(Task directions)
Without including any images, repeat the listing below exactly.

(Recorded information)
=======

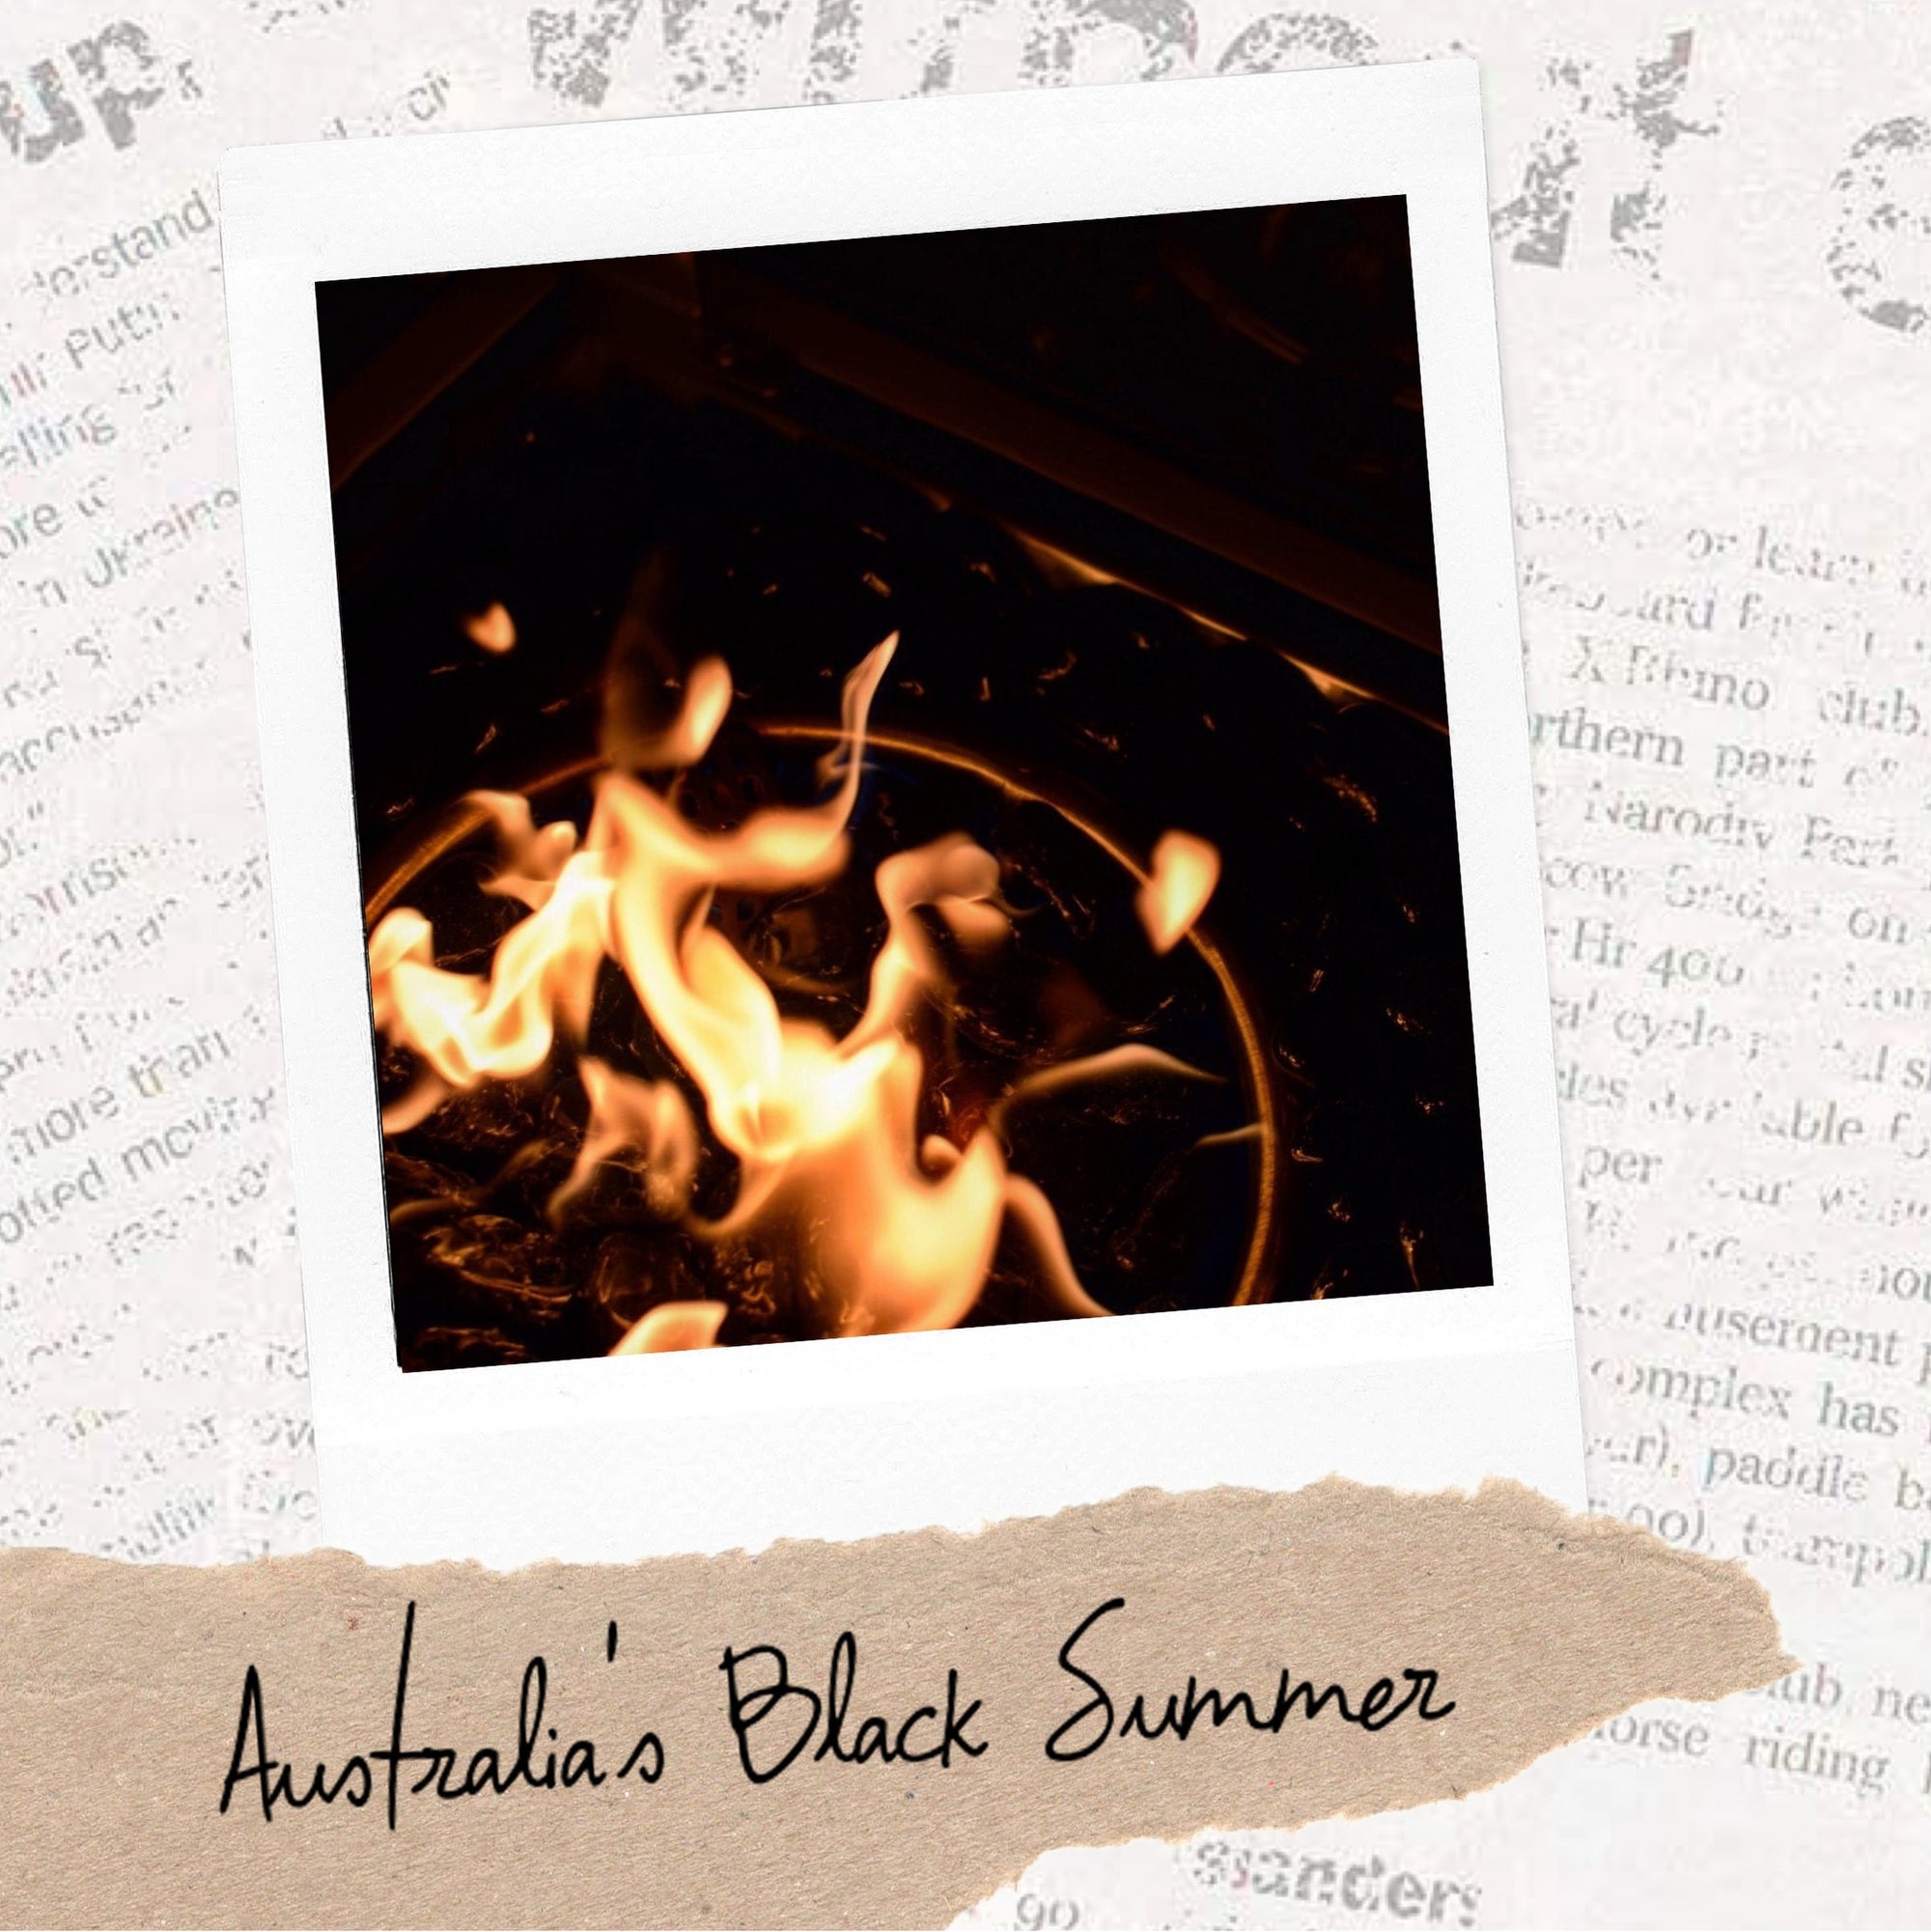 Australia's Black Summer
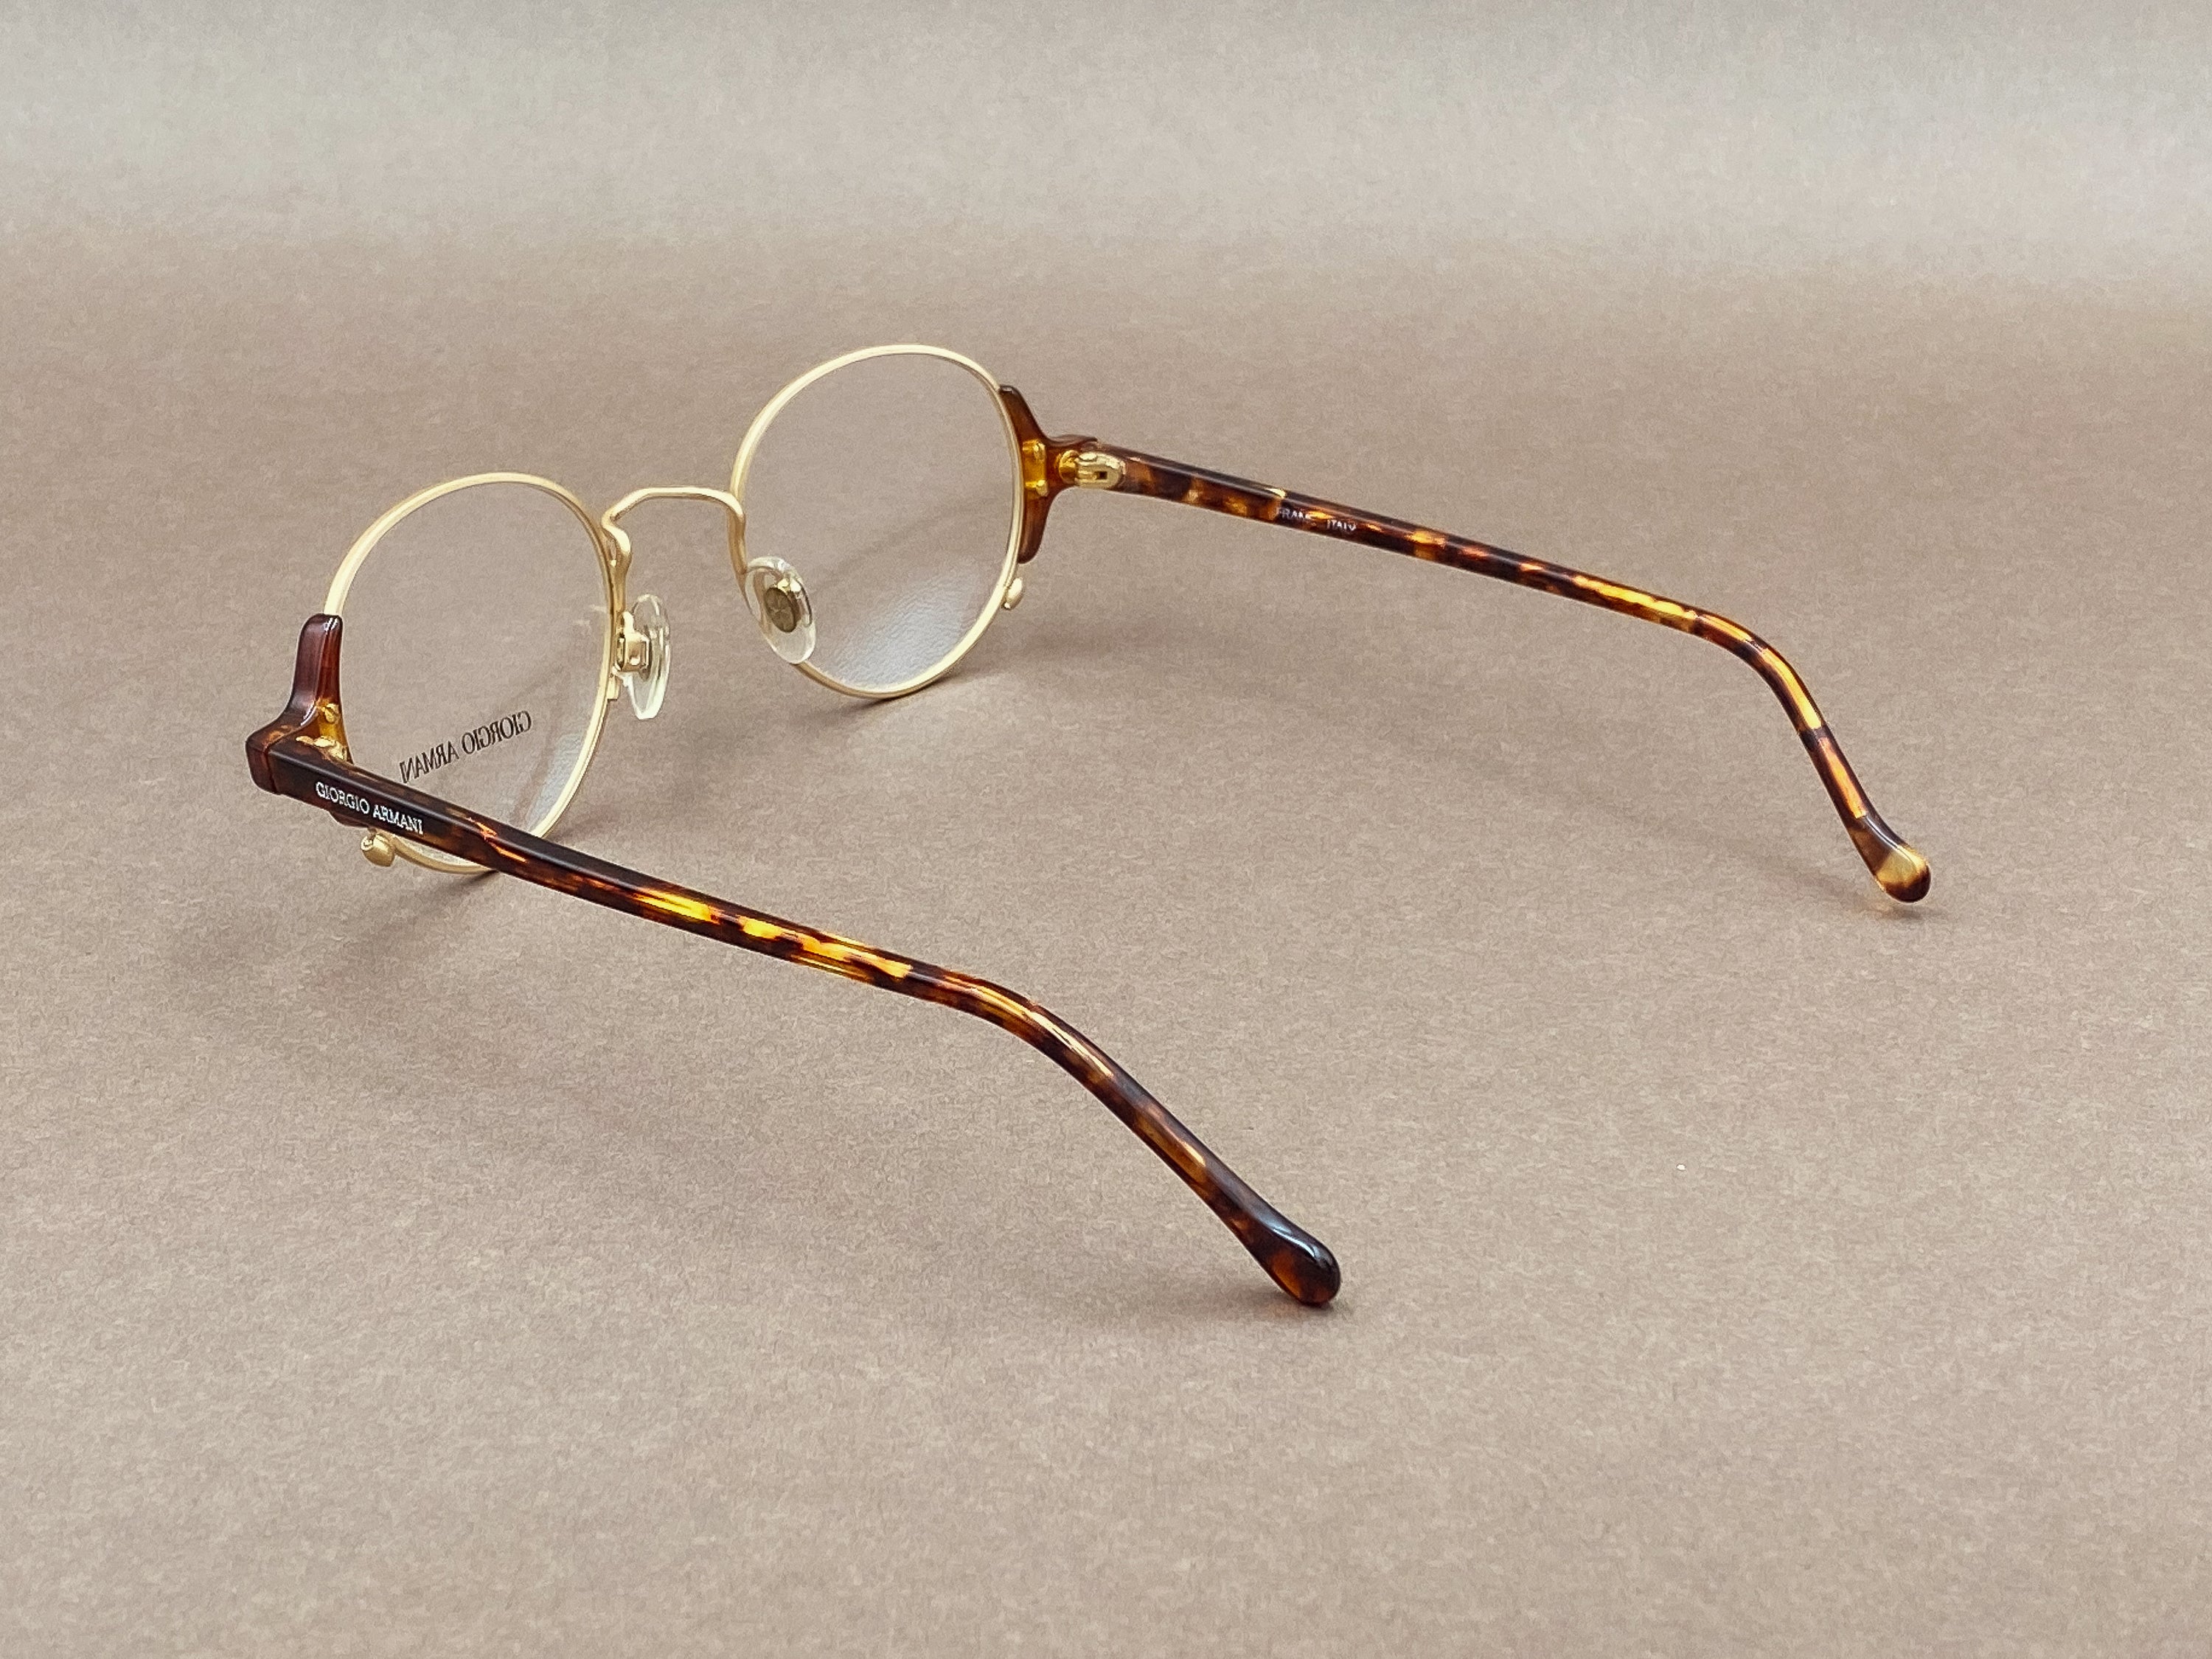 Giorgio Armani 333 eyeglasses
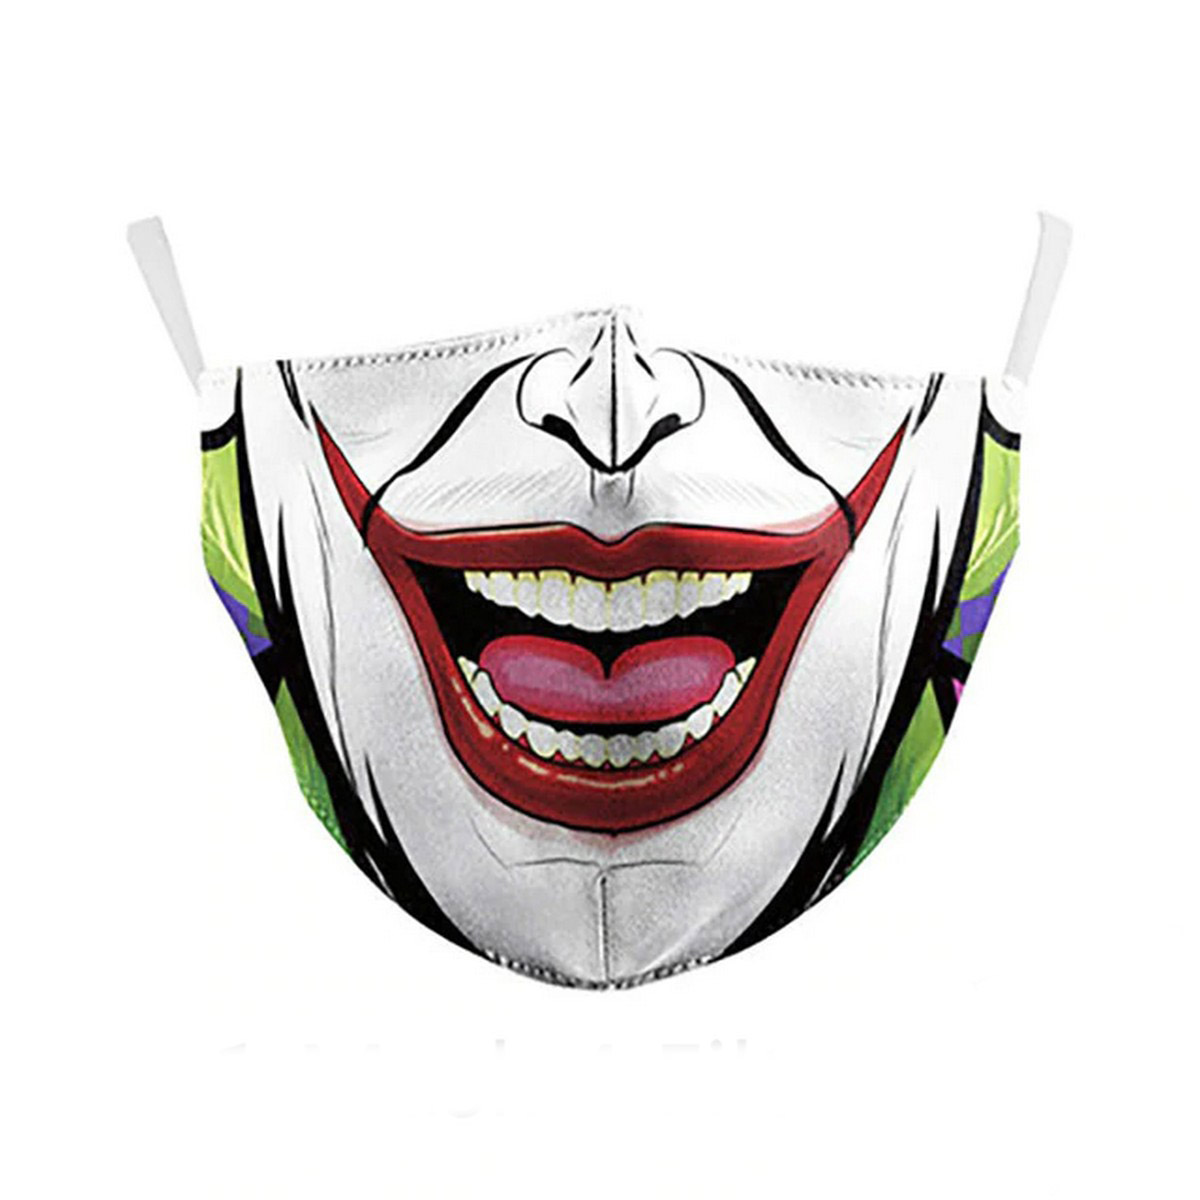 schaamte hoofdstad vrije tijd JOKER protective face mask - 100% polyester | Cool Mania

=======

(Exercise answer)
 Australia's Black Summer
 Giorgio Armani 333 eyeglasses
 schaamte hoofdstad vrije tijd JOKER protective face mask - 100% polyester | Cool Mania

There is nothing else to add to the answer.